Performance testing the pmsApp

So a few weeks ago a colleague pointed out Jimmy’s website about the pmsApp and seeing as we have a few underused blades in our development environment I offered my help to Jimmy.

He’s already published my findings regarding failover testing of the pmsApp and today I thought I would post some performance metrics. The first set of tests will be using the pmsApp configured to use a RAID1 (software) array.

In order to run the tests, I have created two guests:

One running off the pmsApp, PMSTest, and the other running locally on the blade disk (It’s a single disk), PMSControl.

I have installed CentOS 6.2 minimal install on both of them and installed the openssh-clients package to allow me to use scp.

Each guest has 512 MB of RAM, a single NIC (dynamically configured (lease time is 36 hours)) and a 8 GB hard drive.

Generally, speaking I ran three instances of the tests, unless there was a great disparity between the results, in which case I ran extra tests (normally two but sometimes three) and discarded the top and bottom results.

Generally speaking, the results of the guest running off the pmsApp were considerably less stable.

Reboot Time :  This measures the time taken from typing init 6 and pressing enter to the logon screen appearing. I found this test to be more reliable that pressing reset on the vsphere client or even using powercli.

PMSControl    PMSTEST (RAID1)
34.66 s           30.44 s
33.02 s           27.75 s
34.07 s           28.63 s

This was a clear win for the pmsApp.

The remaining tests are file copying tests. The source and destination server (depending on the test)  was a third blade server running RHEL 6.0. In theory traffic bound for another blade never leaves the enclosure, but I’m not so sure. I ran these tests out of hours so there would have been very little traffic, if any, on the network. I did repeat some tests during the working day for good measure and results were comparable.

SCP Write –  Copy File VMware ESXi 5.0 iso (297 MB) from blade server to Guest

PMSControl    PMSTEST (RAID1)
24.675 s          45.195 s
30.980 s          45.197 s
28.505 s          56.486 s

The pmsApp is clearly slower.

SCP Read –  Copy File VMware ESXi 5.0 iso (297 MB) from Guest to blade server.

PMSControl    PMSTEST (RAID1)
7.764 s           7.762 s
8.211 s            7.711 s
7.674 s           8.017 s

Reading is a tie.

SCP Write – Copy Directory containing multiple files (total size 203 MB) from blade server to guest.
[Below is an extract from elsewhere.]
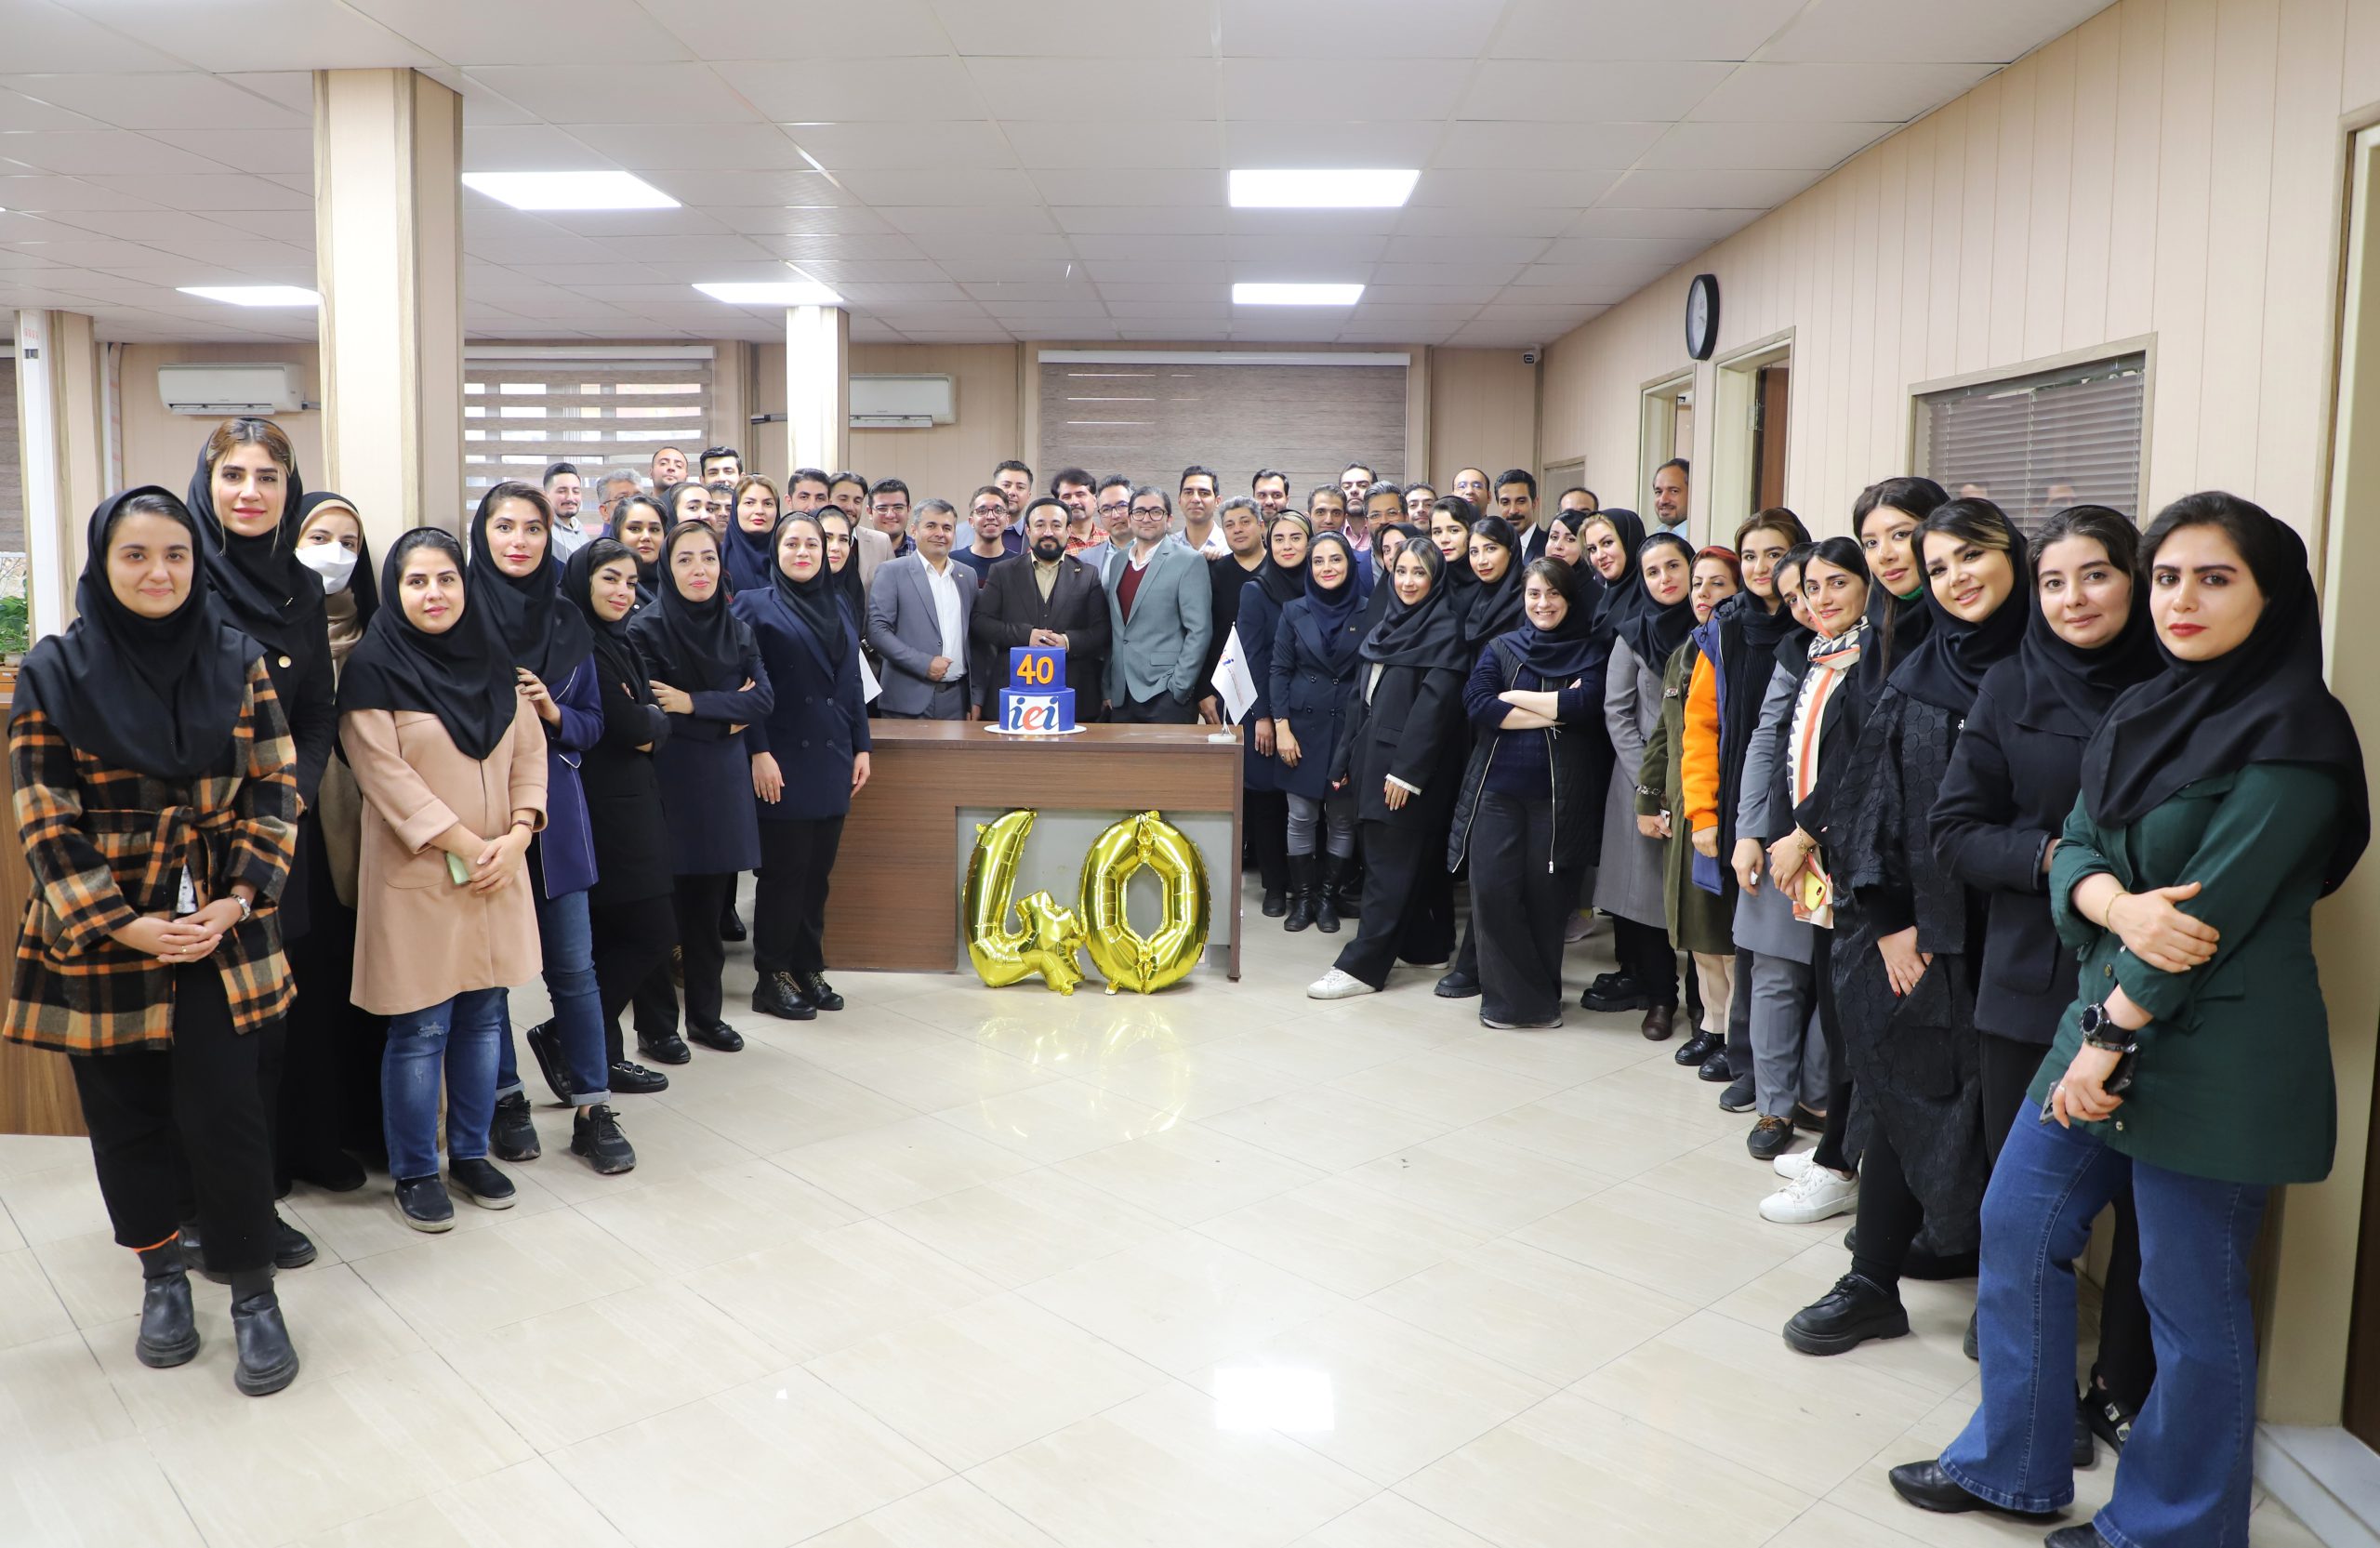 شرکت بازرسی مهندسی ایران iei ، چهلمین سالگرد تاسیس خود را جشن گرفت.

There is an 87 MB file and a 16 MB file, but the rest are sub 1 MB files.

PMSControl    PMSTEST (RAID1)
12.717 s         20.572 s
13.092 s         18.772 s
11.752 s          23.380 s

Another writing test and the pmsApp is slower again.
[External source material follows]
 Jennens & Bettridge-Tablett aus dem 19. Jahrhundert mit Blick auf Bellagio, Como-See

SCP Read – Copy Directory containing multiple files (total size 203 MB) from guest to blade server. There is an 87 MB file and a 16 MB file, but the rest are sub 1 MB files.

PMSControl    PMSTEST (RAID1)
11.531 s          11.623 s
10.972 s          11.082 s
11.294 s          11.245 s

Both the pmsApp and the direct guest are faster copying multiple small files than one big one, which is odd as I would’ve expected one big file to be quicker, but the results are consistent on both guests so I’m not too worried. I’d be happy to hear an explanation though.

A very small set of tests has shown that reading performance is comparable to hosting a guest directly on a disk. Unfortunately, write performance does suffer quite a bit, it’s ~ 40% slower and not very consistent.

In my next post I intend to use filebench to carry out some more tests using a more standardized approach.

Failover testing

A friend of the pmsApp project – A.Z. has done some failover testing. This is what he has found.

As long as there is no I/O taking place while the cluster is failing over, all is ok. If there is I/O then the results are mixed.

  • SCP stopped and would not restart
  • A script I wrote (writing the current date to a file every second) is unable to write to the file, but when the cluster comes back up, it continues on its merry way.

The problem seems to be that an ongoing session is not moved from the failed node to the node that takes over. A new session needs to be established. I am looking in to the possibility of having the sessions transferred from the failing node to the new active node. So far all I have found, is an article on how to create a failover nfs cluster. This is however with drbd, but that should not matter much.

A big thank you to A.Z. for testing the pmsApp. Looking forward to your performance tests.